Insects concentrate carotenoids in their
bodies from eating plants and green leaves. Birds, in turn, eat insects, with
the result that carotenoids are largely responsible for the colours of their
plumage, particularly red, orange and yellow feathers. When pollution reduces
insect populations, the plumage of many birds becomes much duller because of a
lack of carotenoids in the birds’ diets.
As summer comes to an end, and decreasing
sunlight means that trees lose water at a faster rate than they can convert it
to sugars, production begins to slow down. The carotenoids start to show their
colours and the chlorophylls break down to compounds of equally vivid hue,
giving rise to the glories of autumn woodlands.
Chemical activity, however, does not
cease. Red, blue and violet pigments, called anthocyanins, shade the fruits
that have been developing all summer. These can change colour according to
acidity. Blackberry and elderberry juice, for example, turn red in acid and
yellow in alkali. Beetroot and red cabbage show similar effects, so that these
pigments may be used to distinguish between acids and alkalis.

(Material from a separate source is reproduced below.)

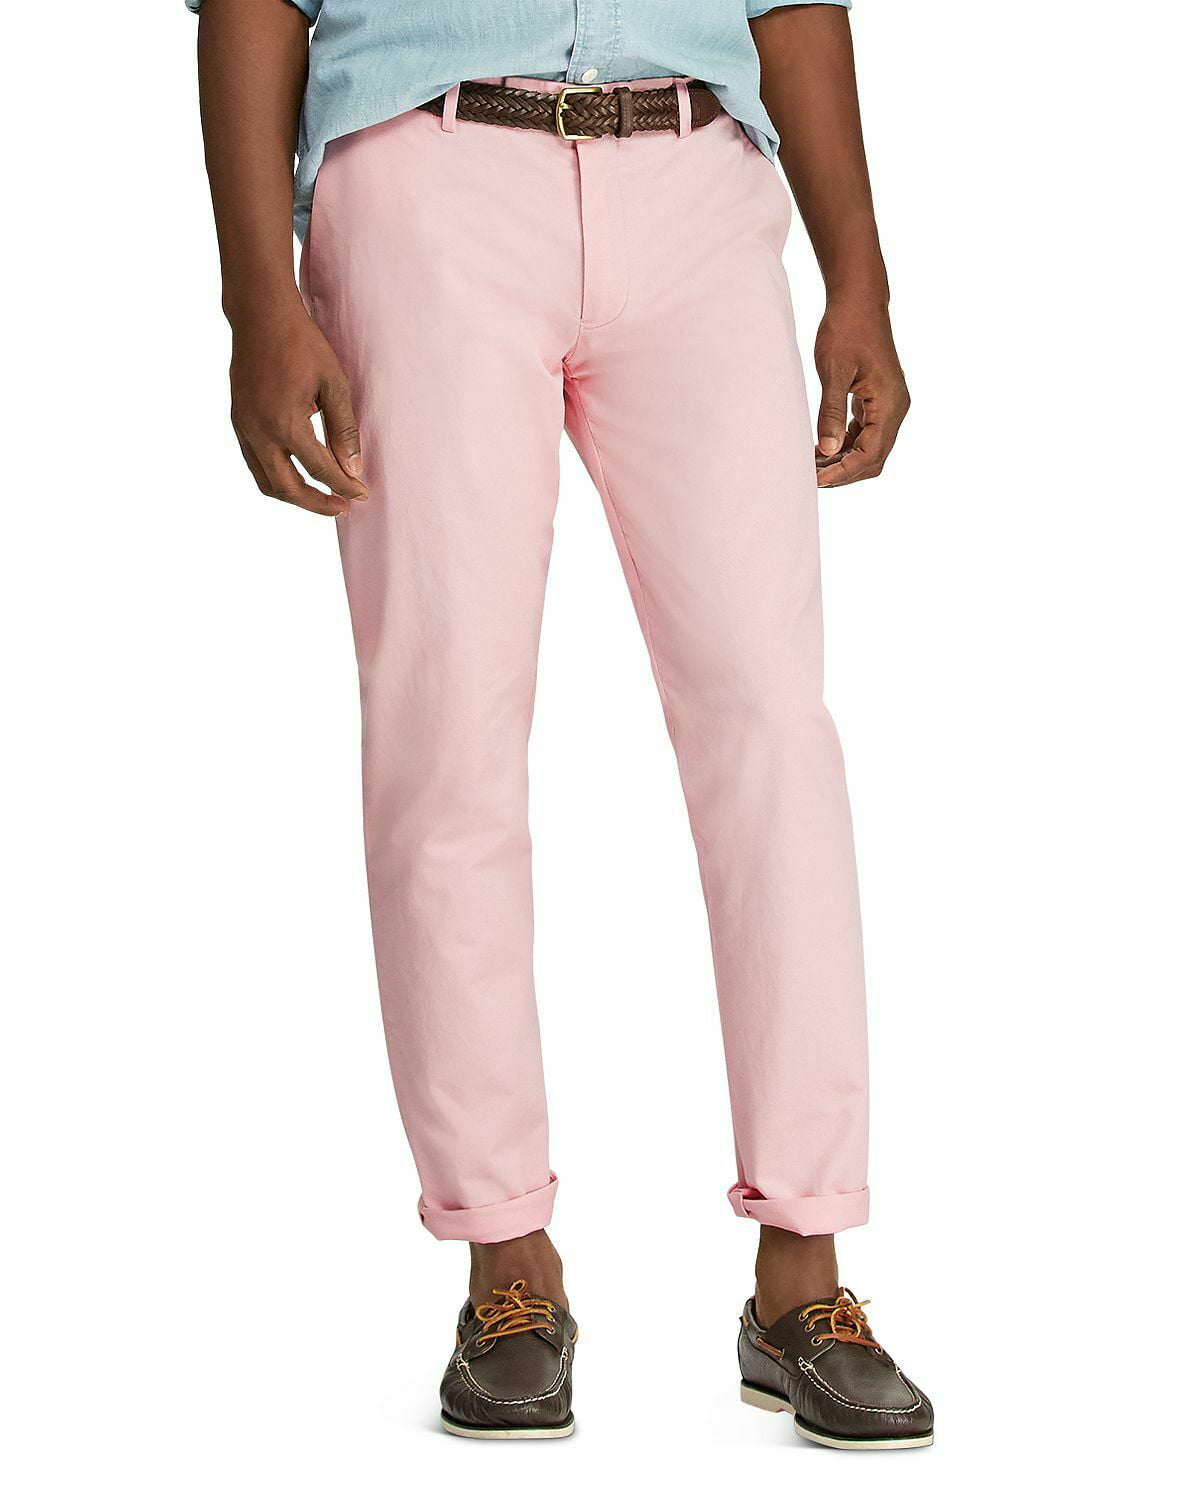 Men's POLO RALPH LAUREN STRETCH SLIM FIT CHINO PANTS MSRP $125 B4HP (38  in,30 in,Pink Stretch Straight Fit)

Together with carotenoids, the anthocyanins have coloured the flowers throughout the spring and summer, to attract the insects necessary to pollinate the seeds. They now serve to attract birds and animals to the fruits, so that the ripened seeds can be spread around the countryside. There they lie dormant through the winter months, ready to begin the new greening of the land with the arrival of the next spring.